No entanto, a realidade é que o Brasil carece tanto de investimento financeiro quanto de capacidade técnica avançada para a produção e o refino de terras raras em larga escala. Diante dessa limitação, a recusa em estabelecer uma parceria estratégica com os EUA para desenvolver essa indústria representa uma perda significativa. Deixar um recurso valioso “debaixo da terra” não gera riqueza; ao contrário, apenas alimenta um tipo de patriotismo nacionalista sobre a riqueza natural, comum no Brasil, simbolizado por frases como “A Amazônia é nossa” ou “o petróleo é nosso”, sem converter esse potencial em desenvolvimento real e tangível para a população.

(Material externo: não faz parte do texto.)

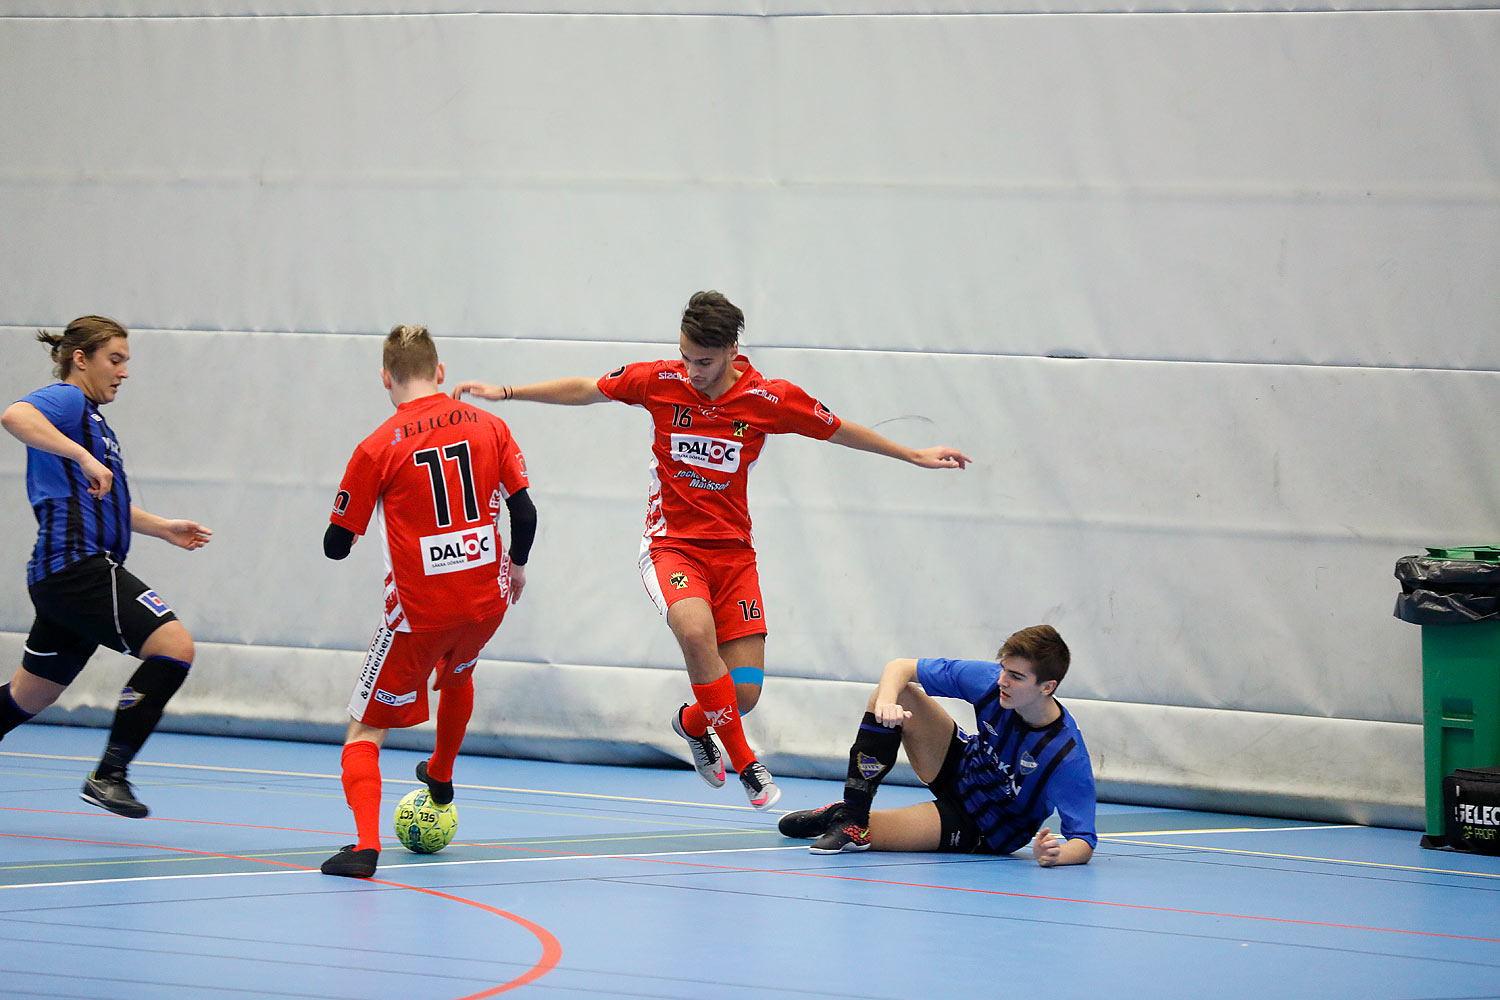 Skövde Futsalcup Herrjuniorer Ulricehamns IFK-Töreboda IK,herr,Arena Skövde,Skövde,Sverige,Skövde Futsalcup 2016,Futsal,2016,141949

A questão não se resume a uma suposta submissão aos EUA. Trata-se de adotar uma visão mais pró-negócio e liberal, que reconhece o potencial de acordos mutuamente benéficos. Com essa postura, o Brasil teria maiores chances de firmar bons acordos comerciais não apenas com os EUA, mas também com a União Europeia e a China. A abertura econômica, embora nem sempre seja o caminho mais fácil para a obtenção de votos em um cenário político polarizado, historicamente se prova como um dos melhores e mais eficientes caminhos para a redução da pobreza, por meio da geração de empregos, aumento da produtividade e acesso a bens e serviços de qualidade para a população.

Contexto

A política comercial e as relações exteriores do Brasil com grandes potências, como os Estados Unidos, desempenham um papel central no desenvolvimento econômico do país. A capacidade de negociar e firmar acordos que promovam a abertura de mercados e a atração de investimentos é crucial para impulsionar a competitividade da indústria nacional, gerar empregos e melhorar a qualidade de vida dos cidadãos. O embate entre visões econômicas protecionistas e liberalizantes continua a moldar as decisões governamentais, com implicações diretas para a posição do Brasil no cenário global.